Inspired by Hinton's recent update to the capsule networks model, we proposed a research program to SingularityNET a few months ago.
I decided to open the proposal to public for comments before we revise and proceed with some actual work. 🙂 Last we talked, we decided to apply the approach to the image segmentation problem, however, I think there is a lot more to it. I have been quite sick for a few months due to my erratic allergic asthma condition, and I have only recovered a few weeks ago, it looks like I should be much more careful with allergens in my life from now on. The general idea is to widen the model space for image processing problems via consideration of things like a mereological organization as Capsule Networks does, and then apply this stuff to a non-trivial image processing problem such as segmentation. I believe the general approach to be quite viable, and I was glad to see that Alexey did some intriguing work on the EM Matrix stuff:
Here is the google drive link
I am expecting your unhinged comments on the proposal. Why is this so short? Are you even a computer vision researcher? What do you know about seeing? Bring them on.
And here is the proposal in its entirety:
Singularity.Net Research Proposal for Capsule Networks
We propose an extensive investigation into advanced applications of modular deep networks based on Hinton’s capsule networks formalism. Whereas usual deep learning applications are based on hierarchical pattern recognizers, capsules can fuse information across different specialized networks. The goal is to apply the modular approach to problems of interest in robotics such as object detection, object tracking, semantic image segmentation and scene description. These tasks usually require an inordinate amount of manually labelled or marked examples, and they might not have great generalization power beyond the domain of training. Although there exist some primitive means of transfer learning by storing trained nets and updating them, a modular network would be harder to fool by adversarial examples, and it would carry over more readily across domains. It might also require fewer examples.
The desired end goal of the research project is to obtain an end-to-end semantic image segmentation system that accepts video input, and works in unsupervised mode, producing high quality segmentations with accurate labelling. The proposed approach is to venture beyond texture recognition and formulate unsupervised approaches for feature domains of relevance for the tasks mentioned. The unsupervised deep learning modules are thereafter bound in a capsule network fashioned ensemble model. The resulting segmentation may be obtained either via energy formulations of the segmentation task, or via supervised learning, which makes the system semi-supervised. Here is the research plan:
- A survey of all relevant recent publications is written.
- A theoretical description of the models are written in reference to relevant research.
- Baseline systems and relevant capsule candidates are implemented.
- Initially, the approach will be tried on 2D object recognition, and the solution of CAPTCHAs. 3 different kinds of capsules are fused. After the effectiveness of the modularity approach is demonstrated we move to harder problems.
- The capsule number is increased to 5-6, and scalability experiments are trialled for supervised object recognition benchmarks.
- When the scalability is sufficient, we move on to video domain and add video-relevant capsule kinds, total number 10, actual number of capsules much higher. Benchmarks are repeated.

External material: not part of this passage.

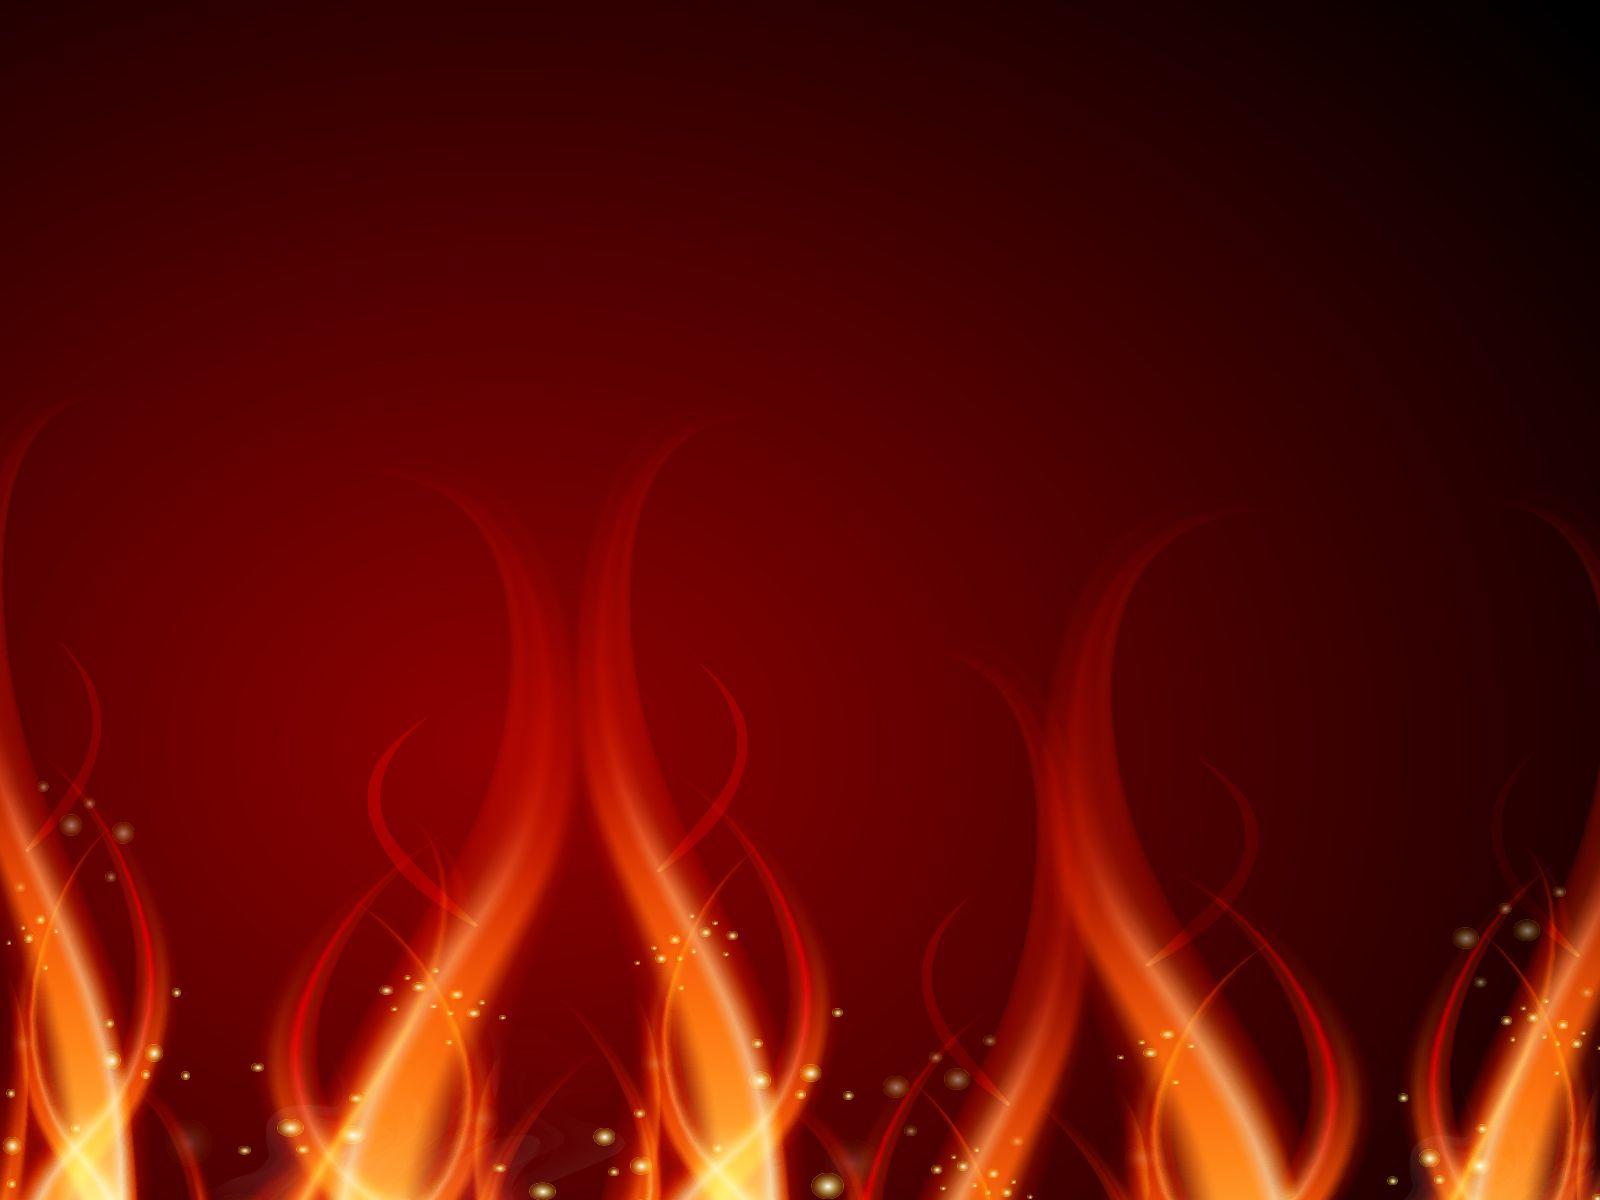 Fire Effect PPT Background, Black, Orange, Red

- Semi-supervised and unsupervised segmentation tasks are addressed.
- Competence on a non-trivial dataset such as a medical imaging dataset is demonstrated.
- A sample application for on-line, semi-supervised semantic image segmentation is developed.
Some additional methods to be trialled include hierarchical organization of capsules, using GA’s on capsule training, and Hebbian learning approaches, time permitting.
The proposed research is considered a low hanging fruit by the researchers, however it is a highly empirical kind of research. It is estimated that the proposed plan should take about a year to complete the first major release of the capsule network based vision architecture.